### PROMPT
Would you print the records below from the first line through the line containing "Linked voltage regulation", skipping the pictures?

# # # # #

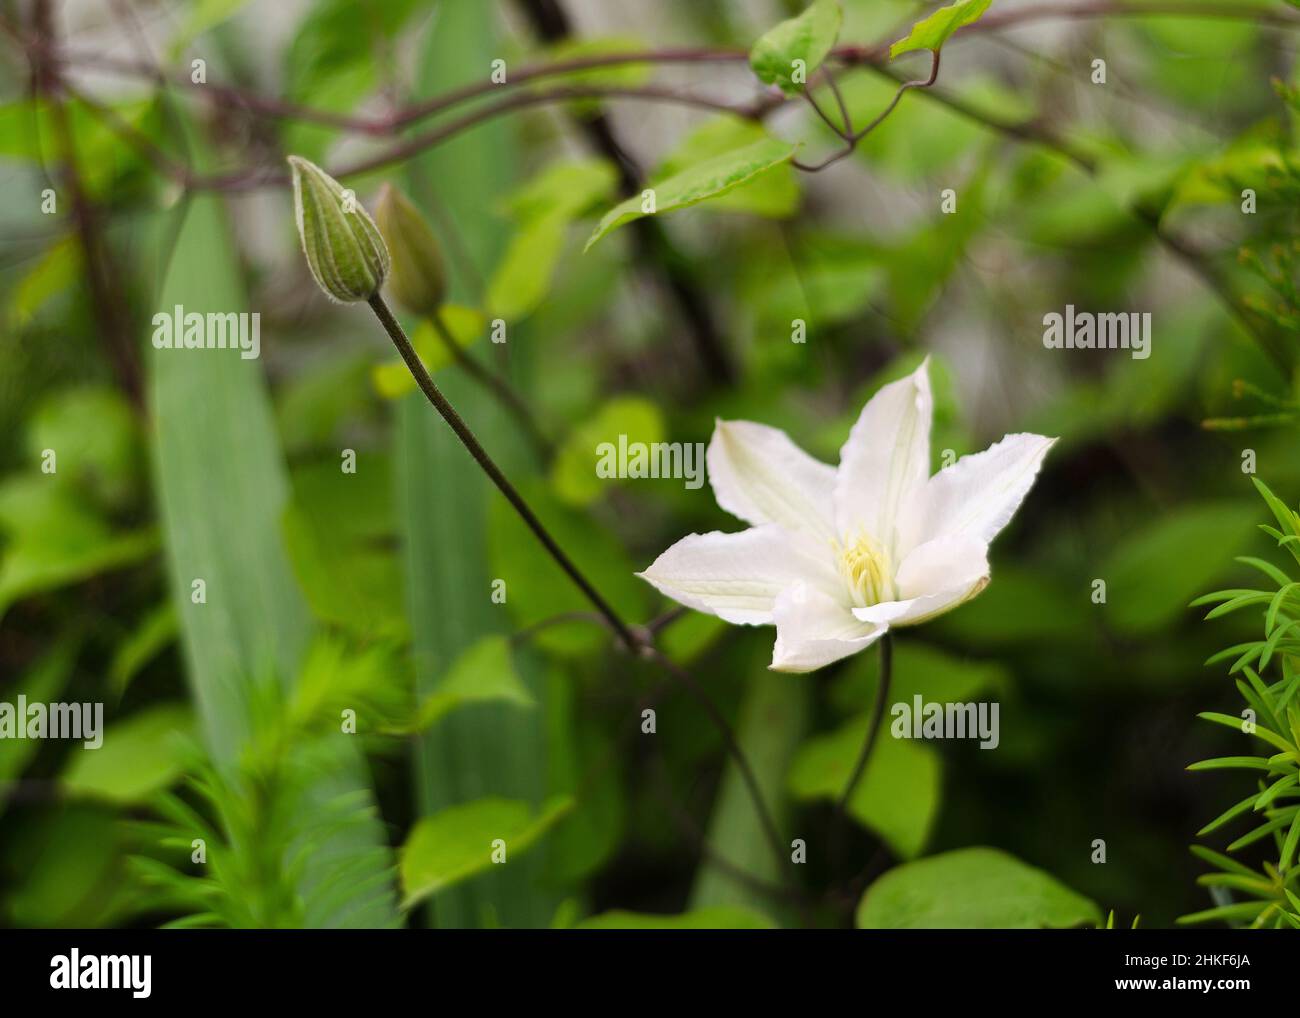 White Clematis flower in a garden Stock Photo
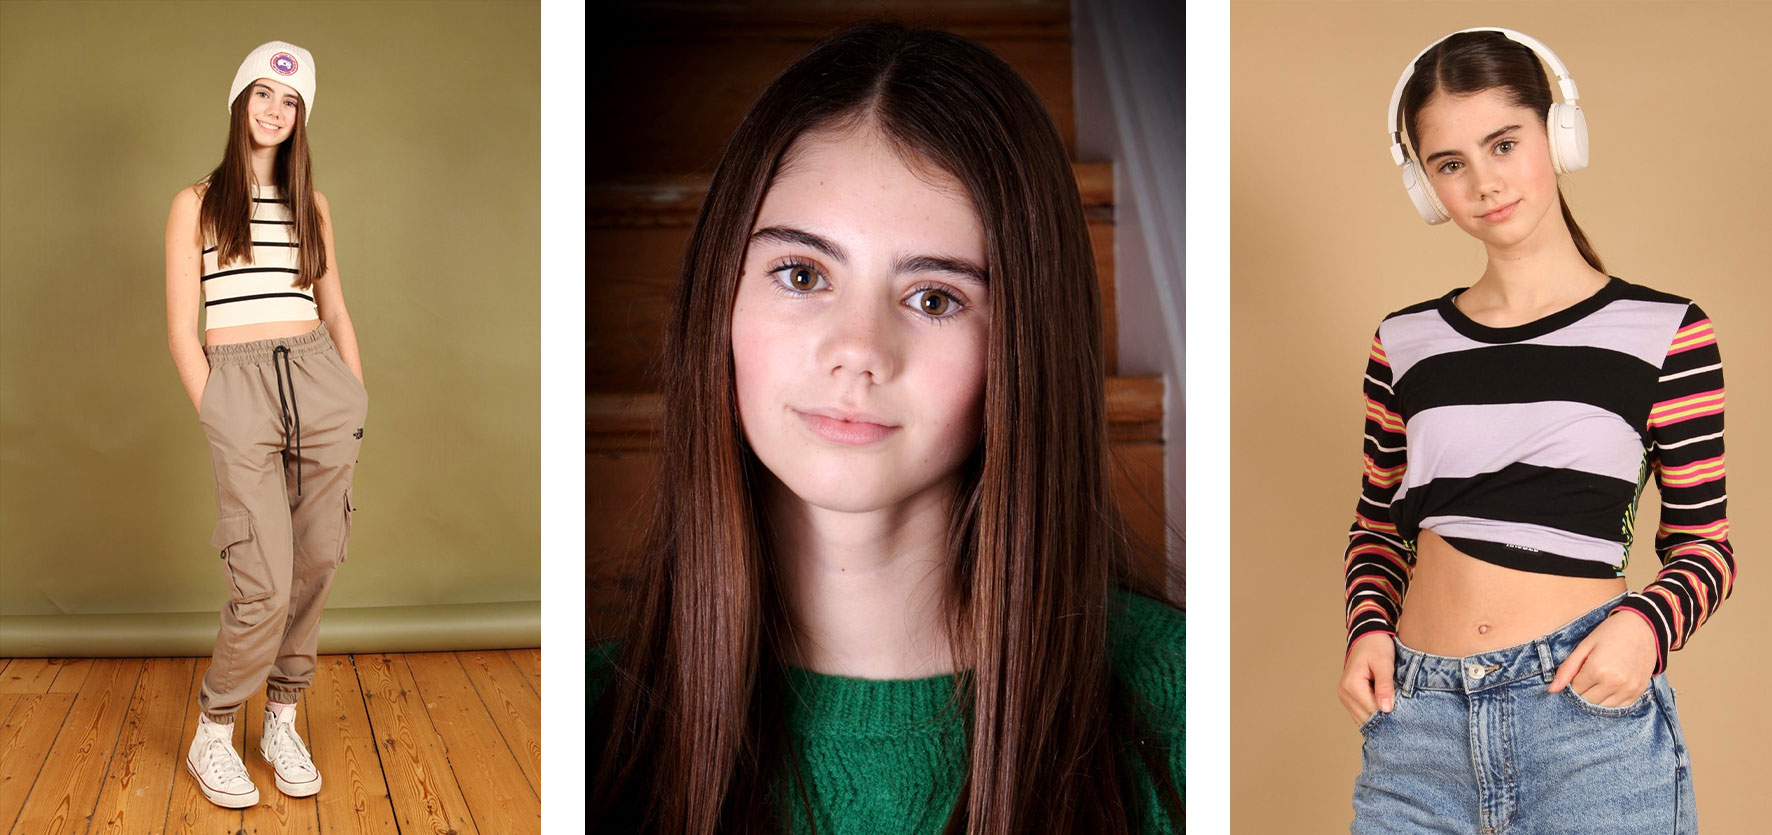 Sandra Reynolds teen model agency shares three photos of new face teen model Eden Jeal-Dunkling
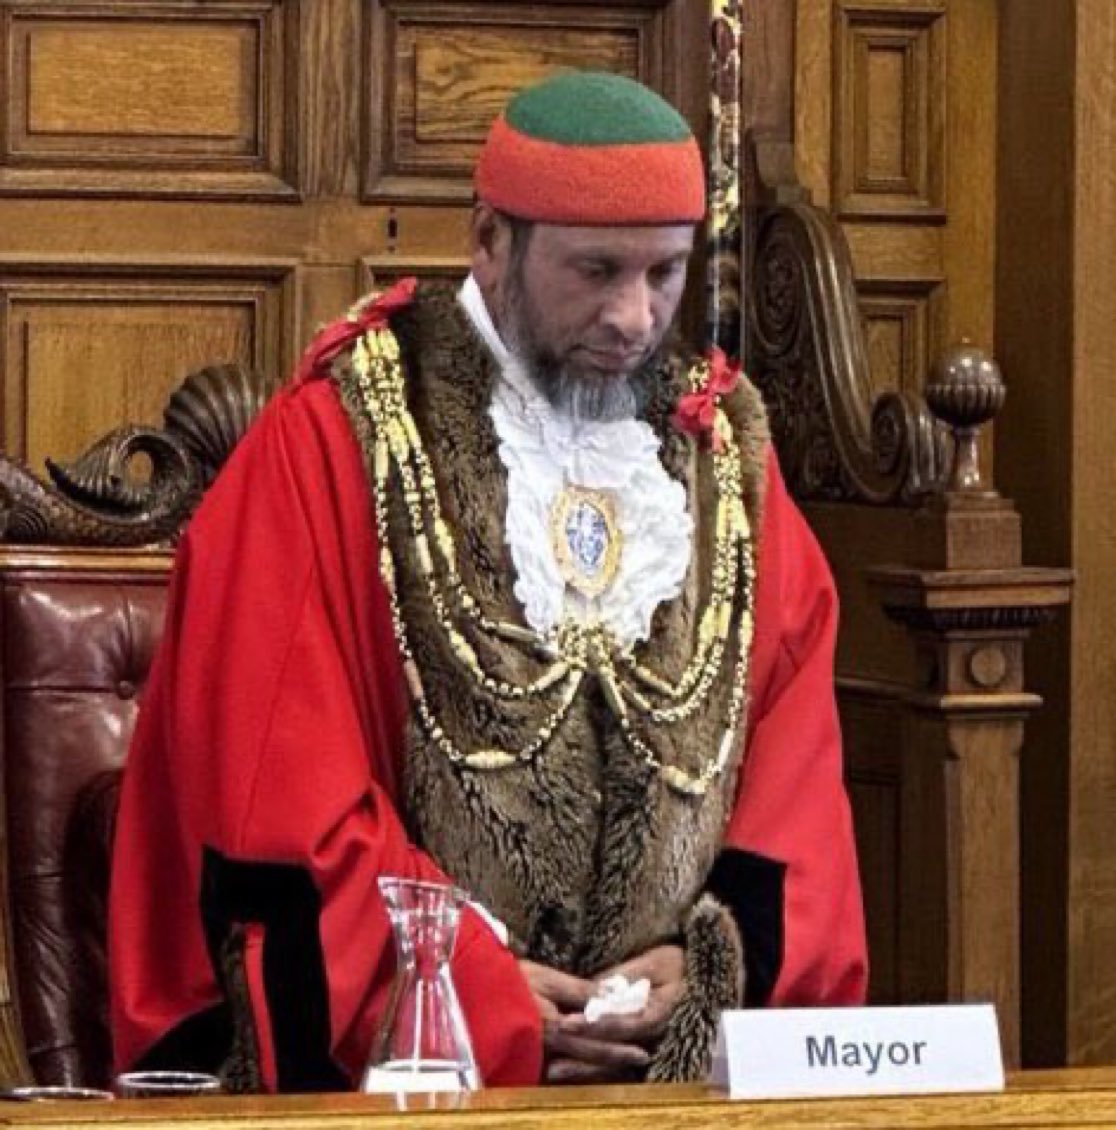 The new Mayor of Brighton, England, Mohammed Asaduzzaman. 

Brighton has fallen.
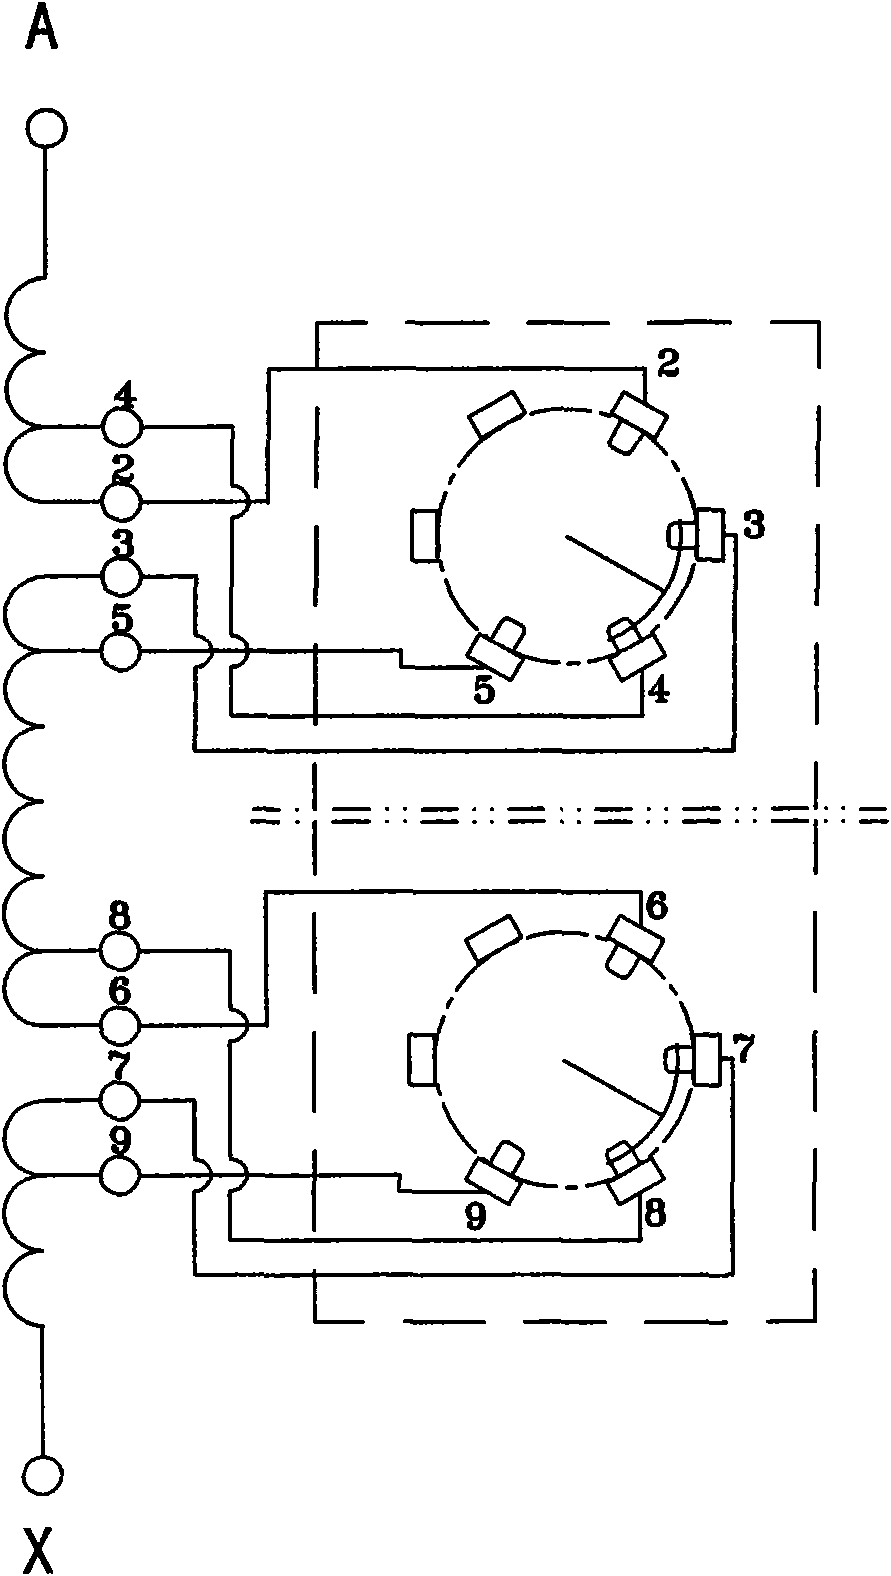 Linked voltage regulation non-excitation tap switch
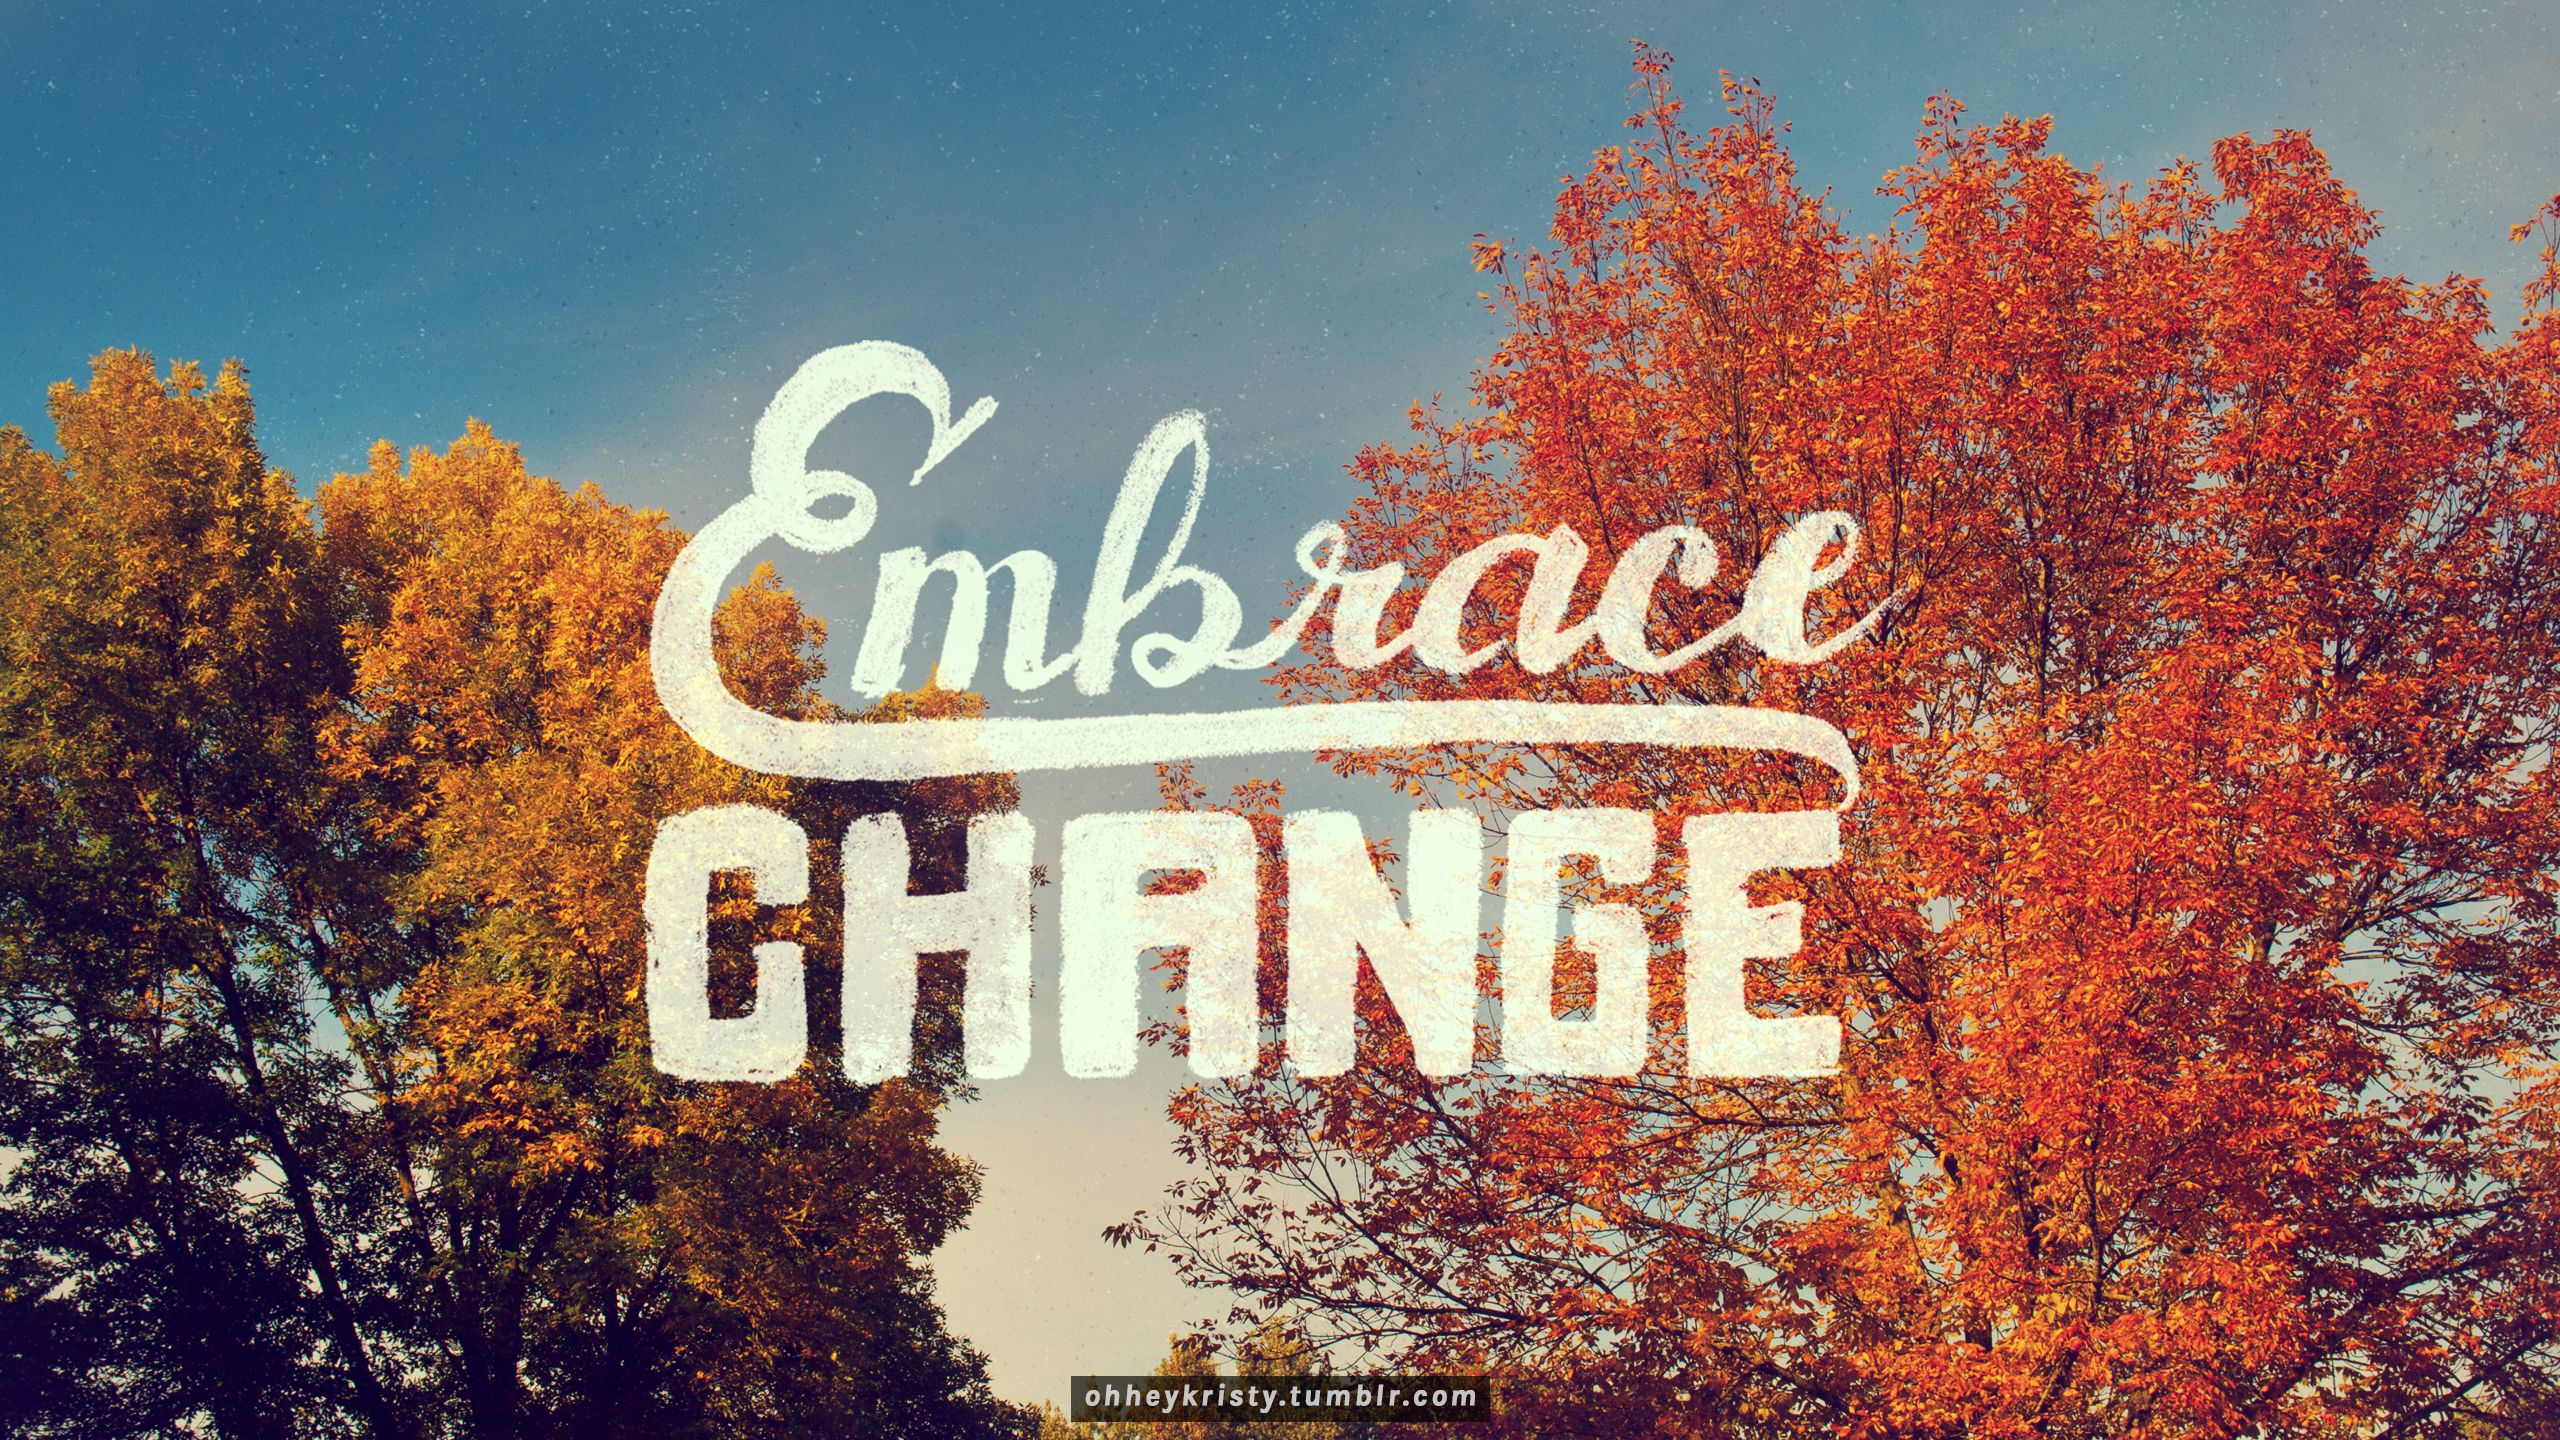 Embrace Change Wallpaper. Full Metal Alchemist Equivalent Exchange Wallpaper, Change Wallpaper and Auto Change Wallpaper Vista

# # # # #

### EXPECTED ANSWER
 White Clematis flower in a garden Stock Photo
 Sandra Reynolds teen model agency shares three photos of new face teen model Eden Jeal-Dunkling
 The new Mayor of Brighton, England, Mohammed Asaduzzaman. 

Brighton has fallen.
 Linked voltage regulation non-excitation tap switch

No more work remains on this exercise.